This is a piece about shame and pride, discipline and inadequacy, vitality and the lack of it, and the role of the critic in the psyche. It is about the necessity of sacrificing the ego, albeit temporarily, in exchange for meaningful growth.
This is also a piece about our culture’s problematic relationship with the Sun-Saturn pair, and how our mandatory participation in a kind of cultural neurosis makes it hard for us to honour Saturn well.
I want, in a small but meaningful way, to put the struggle of Sun-Saturn in a social, cultural, political and economic context.
I want to explore how society weaponises our desire to grow up, and uses it to trap us in perpetual adolescence; how our vitality and energy is extracted, hoarded, and ultimately wasted; how we are constantly reminded of our inadequacy and the scarcity of life’s necessities; how we are bullied, manipulated and repeatedly scammed into leaping to the defence of the ego, and how this presents an obstacle for genuine development.
Then, I want to provide some ideas about how to cut out the noise, and get back to the real work.
Welcome Joy and Welcome Sorrow
First of all, what is so worthy about Sun-Saturn that I would bother to defend or advocate for it? After all, few people with an astrological practice relish the prospect of a Sun-Saturn transit.
These transits do tend to coincide with periods of inhibited vitality, feelings of unworthiness and self-doubt, harsh criticism from within or without, or serious challenges to our sense of identity. Sun-Saturn can initiate a growing awareness of one’s mental or physical fallibility, or more broadly, with impermanence and mortality. These can be times when the spotlight is upon us, and our strengths and weaknesses seem to be on show for all to see.

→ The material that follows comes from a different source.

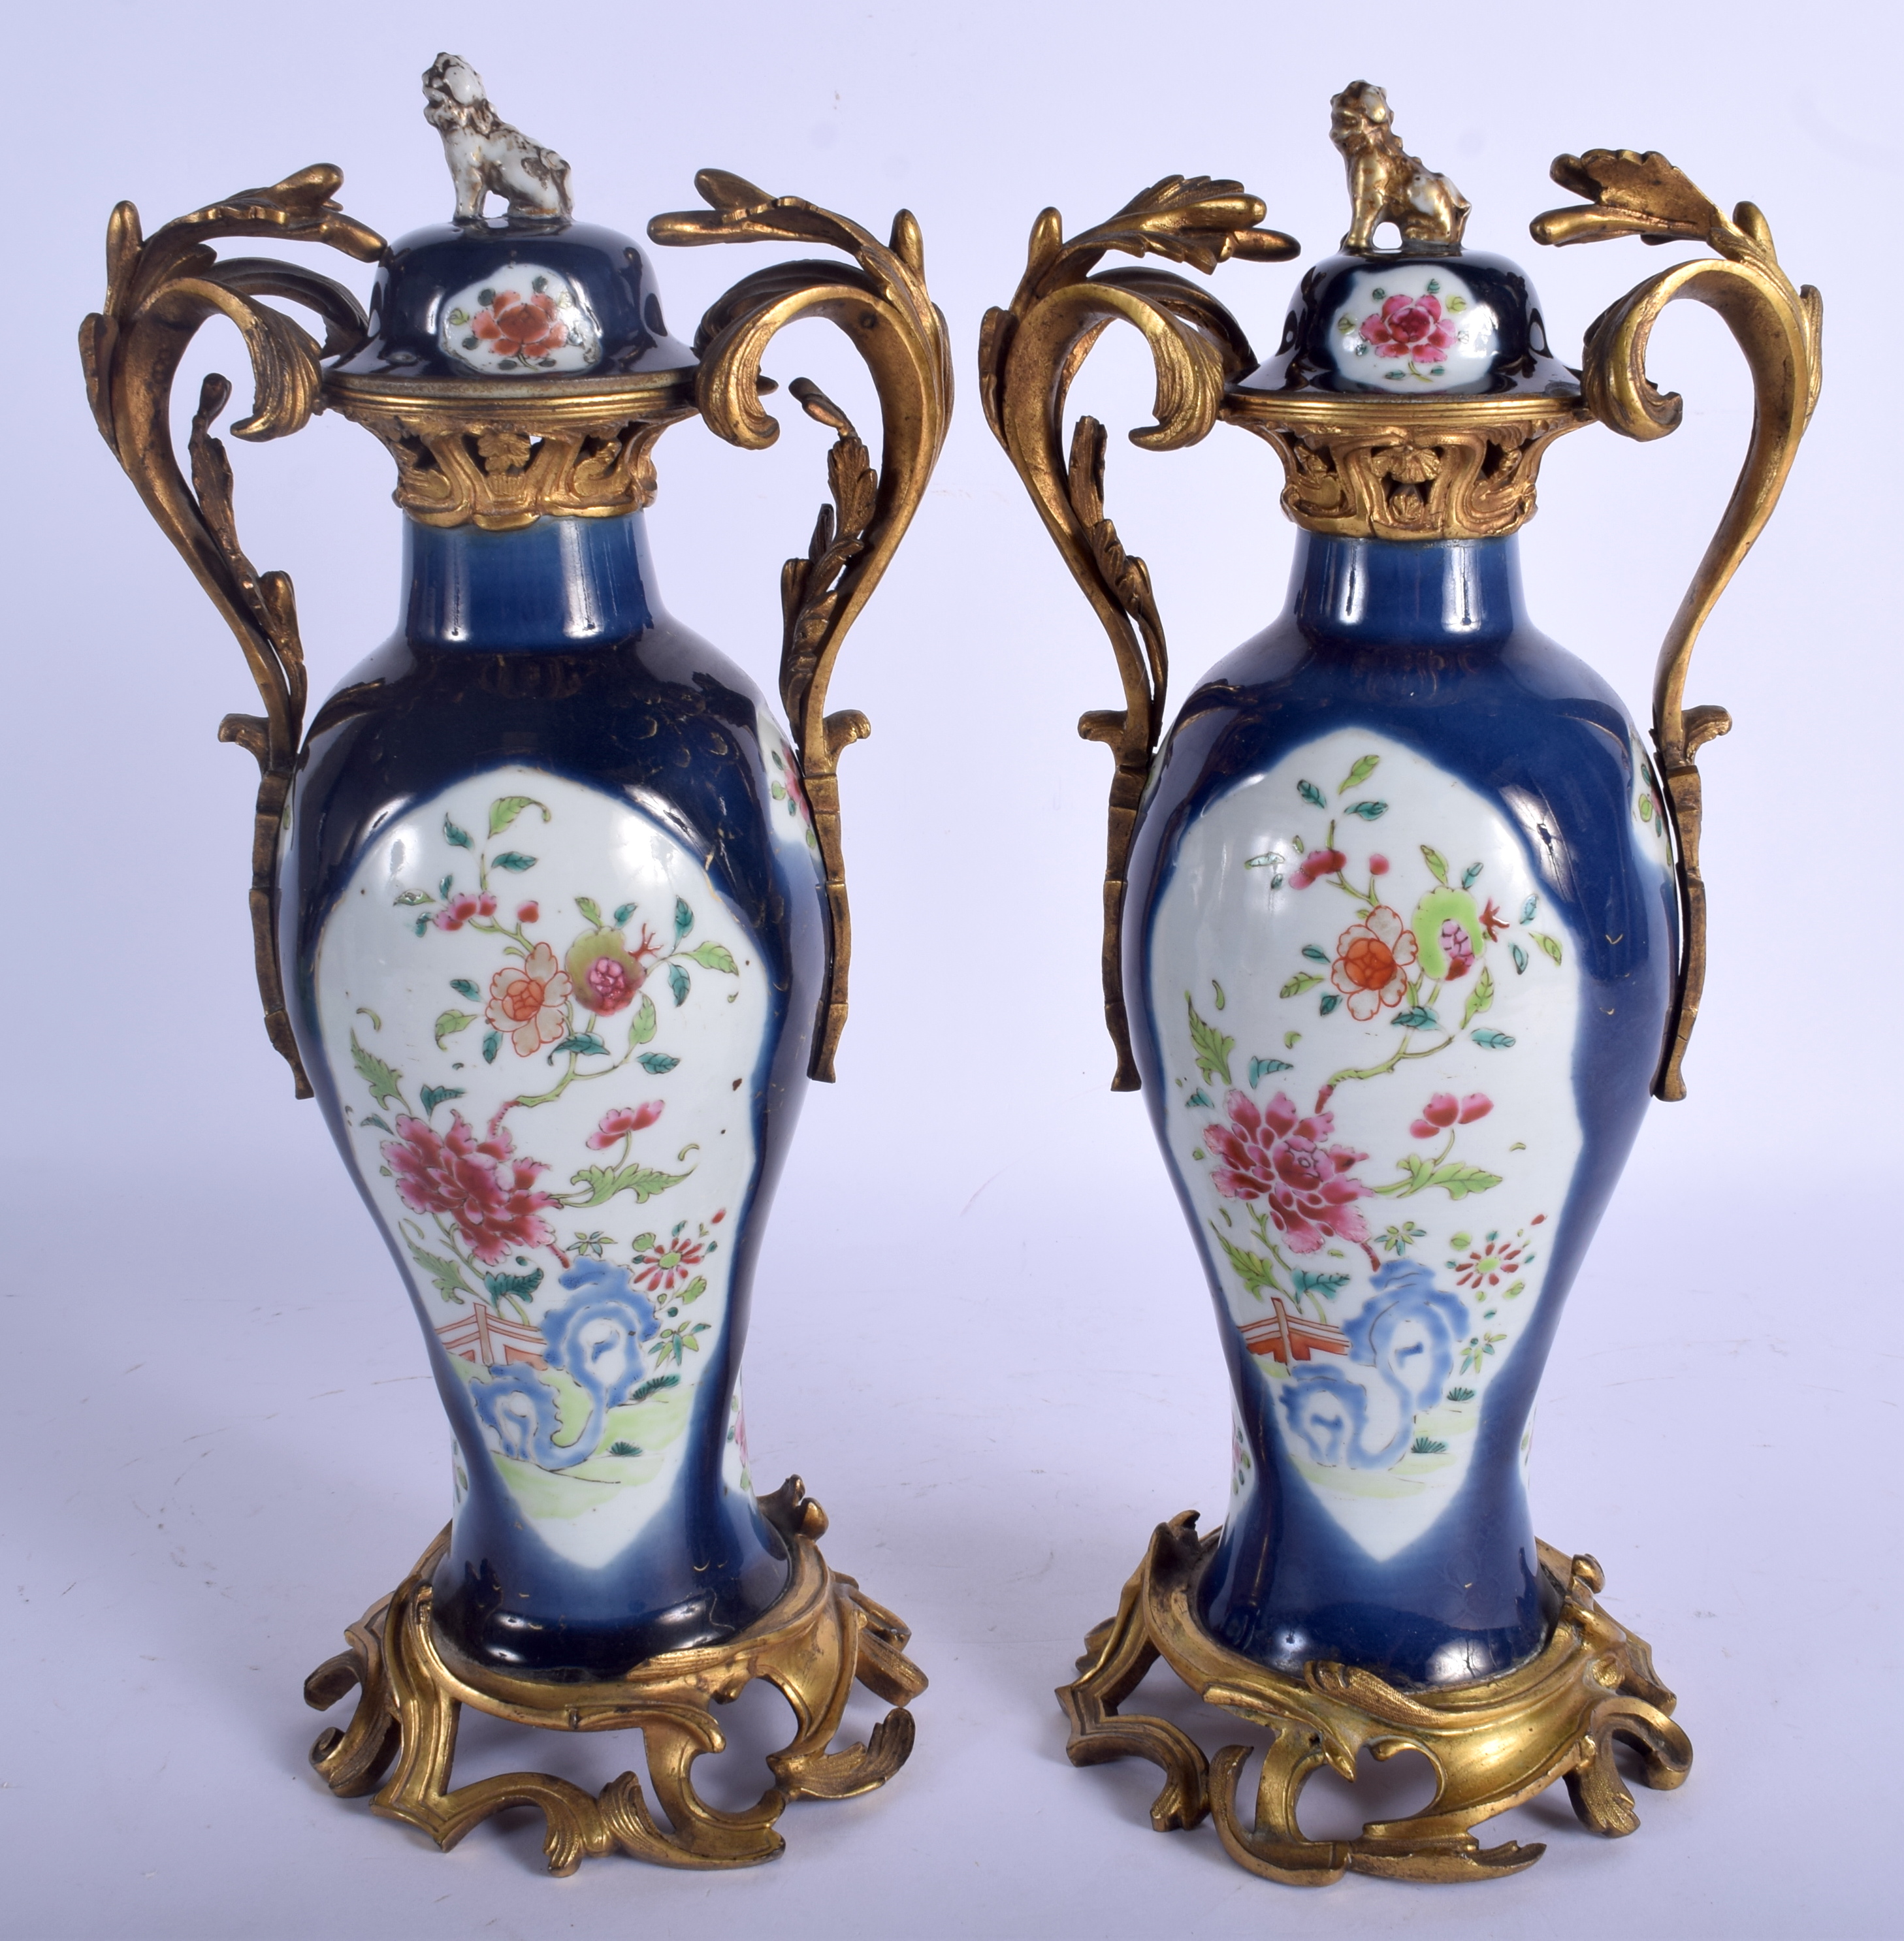 A LARGE PAIR OF 18TH CENTURY CHINESE EXPORT VASES Yongzheng/Qianlong, painted with fenced gardens, m - Image 2 of 4

However, all these uncomfortable symptoms of a Sun-Saturn transit have their place in the grand scheme of things. It may be rarer than we care to admit that human beings are motivated to act by anything other than discomfort of some kind. Scarcity, or at least the threat of it, is what inspires most work. Inadequacy, or at least the perception of it, is what most reliably catalyses action. We must become aware (Sun) of what is lacking (Saturn) in order to progress. Recognition is the first step towards rectifying a problem.
It would be too simple to say that “adversity breeds character” or that “hard times make strong men”. These types of arguments contain a grain of truth, but are in dire need of refinement. It is important to state that not all adversity helps a person to grow. What doesn’t kill you only makes you stronger if you are able to heal and transmute your suffering into strength. Such things are not guaranteed.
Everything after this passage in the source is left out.